A key advantage of hydrogen is that it can be manufactured in numerous ways[20], for example from coal and oil, and from new processes that are still in development. To consider its potential to create a future market for natural gas we will focus on two main manufacturing processes:

  • Hydrogen produced from natural gas using a form of steam methane reformation (SMR) and Known as “blue hydrogen”.
  • Hydrogen produced via electrolysis, using water and electricity. Known as “green hydrogen” on the assumption that it will use low carbon renewable electricity as times of excess supply and therefore low cost.

A first point to make is that hydrogen produced using SMR MUST be combined with CCS for it to be considered low carbon. Hydrogen SMR without CCS would entail even higher carbon emissions[21] than natural gas. This is inherent to the SMR process since there is a conversion inefficiency between methane and hydrogen energy.
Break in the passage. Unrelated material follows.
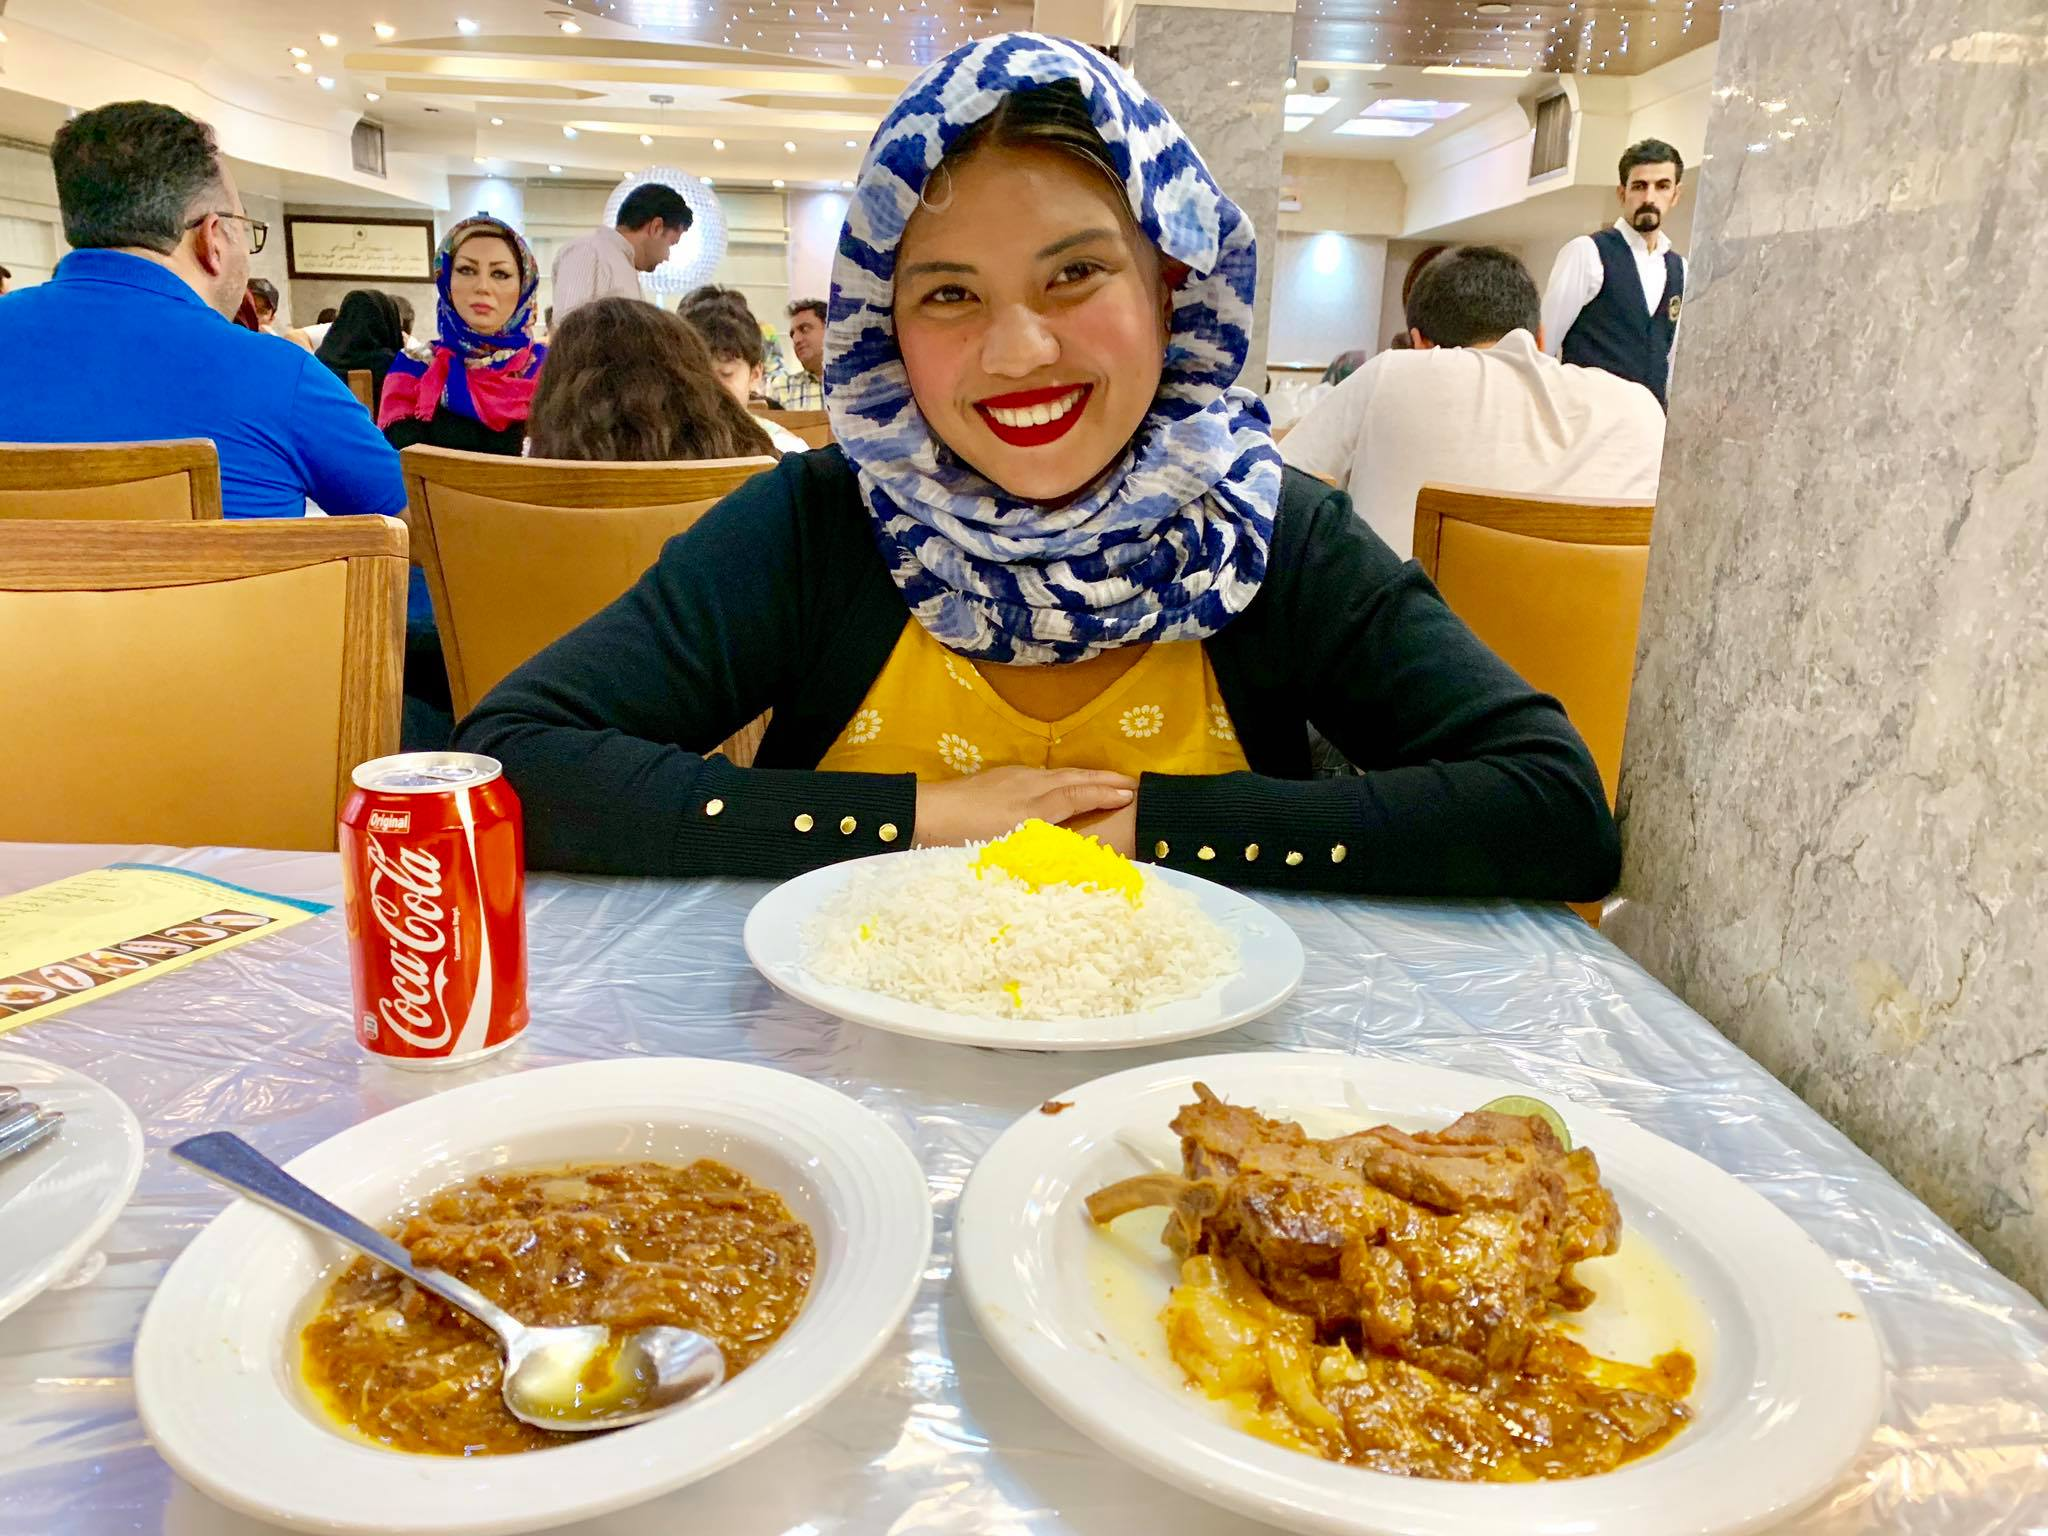 Kach Solo Travels in 2019 Mashhad to Shiraz25.jpg

With today’s SMR technology it takes the equivalent to 1.3 to 1.4 kWh of natural gas methane energy to produce 1 kWh equivalent of hydrogen energy[22]. This means there is a very significant energy conversion loss, and a higher carbon emission, to convert methane to hydrogen energy. Adding CCS to the process, using existing technology, implies additional cost and a reduced conversion efficiency.

Green hydrogen manufacture via electrolysis also entails a conversion energy loss. Using current processes, it requires around 1.4 kWh of electrical energy to produce 1 kWh equivalent of hydrogen[23]. Hydrogen produced via electrolysis is, however, of higher quality (fewer impurities) suitable for transport uses.

So, both electrolysis and SMR manufacturing processes have significant fuel conversion efficiency challenges. Innovation and further technology development can be expected to improve this over time, but for the moment hydrogen use will be restricted to high value applications.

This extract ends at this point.